:: Instructions for the task ::
Reproduce, character for character, the entries from their opening line through the line with "Celine Trapèze Black".

:: Extracted information ::
=====
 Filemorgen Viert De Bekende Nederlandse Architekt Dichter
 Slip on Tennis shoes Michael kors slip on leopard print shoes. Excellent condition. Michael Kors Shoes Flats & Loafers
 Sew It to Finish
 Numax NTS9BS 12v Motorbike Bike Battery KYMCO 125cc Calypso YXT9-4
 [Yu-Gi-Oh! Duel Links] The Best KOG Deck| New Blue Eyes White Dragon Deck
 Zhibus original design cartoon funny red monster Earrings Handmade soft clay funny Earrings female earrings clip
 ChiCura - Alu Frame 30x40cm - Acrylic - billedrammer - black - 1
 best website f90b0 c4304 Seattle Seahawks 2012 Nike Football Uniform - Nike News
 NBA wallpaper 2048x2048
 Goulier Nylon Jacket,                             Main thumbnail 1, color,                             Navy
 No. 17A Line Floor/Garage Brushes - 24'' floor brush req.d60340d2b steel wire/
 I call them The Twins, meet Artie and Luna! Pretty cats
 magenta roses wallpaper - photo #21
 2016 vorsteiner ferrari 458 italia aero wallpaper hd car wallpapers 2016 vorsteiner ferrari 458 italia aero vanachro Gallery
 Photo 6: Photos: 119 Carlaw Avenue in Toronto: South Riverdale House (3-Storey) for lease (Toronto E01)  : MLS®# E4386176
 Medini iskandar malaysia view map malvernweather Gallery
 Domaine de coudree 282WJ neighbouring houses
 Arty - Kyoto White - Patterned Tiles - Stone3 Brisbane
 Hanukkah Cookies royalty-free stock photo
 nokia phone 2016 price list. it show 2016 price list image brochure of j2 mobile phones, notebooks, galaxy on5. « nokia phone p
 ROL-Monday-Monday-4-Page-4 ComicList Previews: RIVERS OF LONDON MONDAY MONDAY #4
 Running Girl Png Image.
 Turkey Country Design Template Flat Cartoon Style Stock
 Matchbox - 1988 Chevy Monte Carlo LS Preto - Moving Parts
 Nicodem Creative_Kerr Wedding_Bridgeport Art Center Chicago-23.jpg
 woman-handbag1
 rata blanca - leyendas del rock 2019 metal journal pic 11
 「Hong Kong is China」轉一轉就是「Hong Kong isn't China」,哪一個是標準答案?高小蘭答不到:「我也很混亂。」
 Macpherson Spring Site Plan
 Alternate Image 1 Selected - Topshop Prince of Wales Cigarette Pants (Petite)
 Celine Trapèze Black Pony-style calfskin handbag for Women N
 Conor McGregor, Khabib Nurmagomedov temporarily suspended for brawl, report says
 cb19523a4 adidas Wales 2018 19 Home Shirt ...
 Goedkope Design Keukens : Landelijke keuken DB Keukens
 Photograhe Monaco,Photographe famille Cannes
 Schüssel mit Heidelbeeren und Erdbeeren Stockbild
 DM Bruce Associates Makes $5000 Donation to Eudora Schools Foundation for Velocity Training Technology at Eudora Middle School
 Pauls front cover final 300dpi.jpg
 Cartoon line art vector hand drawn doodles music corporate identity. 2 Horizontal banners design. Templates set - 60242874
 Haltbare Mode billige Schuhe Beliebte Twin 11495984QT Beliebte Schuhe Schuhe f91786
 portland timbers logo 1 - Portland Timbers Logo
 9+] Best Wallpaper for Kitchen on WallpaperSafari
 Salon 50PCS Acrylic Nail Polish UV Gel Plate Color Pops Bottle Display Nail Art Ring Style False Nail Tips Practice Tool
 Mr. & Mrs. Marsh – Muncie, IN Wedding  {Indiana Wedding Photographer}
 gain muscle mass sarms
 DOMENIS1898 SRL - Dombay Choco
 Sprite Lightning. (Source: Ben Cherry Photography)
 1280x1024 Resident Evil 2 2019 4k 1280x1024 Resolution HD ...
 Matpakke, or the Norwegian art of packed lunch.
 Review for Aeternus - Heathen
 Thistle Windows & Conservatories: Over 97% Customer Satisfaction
=====
:: Finished task ::
 Filemorgen Viert De Bekende Nederlandse Architekt Dichter
 Slip on Tennis shoes Michael kors slip on leopard print shoes. Excellent condition. Michael Kors Shoes Flats & Loafers
 Sew It to Finish
 Numax NTS9BS 12v Motorbike Bike Battery KYMCO 125cc Calypso YXT9-4
 [Yu-Gi-Oh! Duel Links] The Best KOG Deck| New Blue Eyes White Dragon Deck
 Zhibus original design cartoon funny red monster Earrings Handmade soft clay funny Earrings female earrings clip
 ChiCura - Alu Frame 30x40cm - Acrylic - billedrammer - black - 1
 best website f90b0 c4304 Seattle Seahawks 2012 Nike Football Uniform - Nike News
 NBA wallpaper 2048x2048
 Goulier Nylon Jacket,                             Main thumbnail 1, color,                             Navy
 No. 17A Line Floor/Garage Brushes - 24'' floor brush req.d60340d2b steel wire/
 I call them The Twins, meet Artie and Luna! Pretty cats
 magenta roses wallpaper - photo #21
 2016 vorsteiner ferrari 458 italia aero wallpaper hd car wallpapers 2016 vorsteiner ferrari 458 italia aero vanachro Gallery
 Photo 6: Photos: 119 Carlaw Avenue in Toronto: South Riverdale House (3-Storey) for lease (Toronto E01)  : MLS®# E4386176
 Medini iskandar malaysia view map malvernweather Gallery
 Domaine de coudree 282WJ neighbouring houses
 Arty - Kyoto White - Patterned Tiles - Stone3 Brisbane
 Hanukkah Cookies royalty-free stock photo
 nokia phone 2016 price list. it show 2016 price list image brochure of j2 mobile phones, notebooks, galaxy on5. « nokia phone p
 ROL-Monday-Monday-4-Page-4 ComicList Previews: RIVERS OF LONDON MONDAY MONDAY #4
 Running Girl Png Image.
 Turkey Country Design Template Flat Cartoon Style Stock
 Matchbox - 1988 Chevy Monte Carlo LS Preto - Moving Parts
 Nicodem Creative_Kerr Wedding_Bridgeport Art Center Chicago-23.jpg
 woman-handbag1
 rata blanca - leyendas del rock 2019 metal journal pic 11
 「Hong Kong is China」轉一轉就是「Hong Kong isn't China」,哪一個是標準答案?高小蘭答不到:「我也很混亂。」
 Macpherson Spring Site Plan
 Alternate Image 1 Selected - Topshop Prince of Wales Cigarette Pants (Petite)
 Celine Trapèze Black Pony-style calfskin handbag for Women N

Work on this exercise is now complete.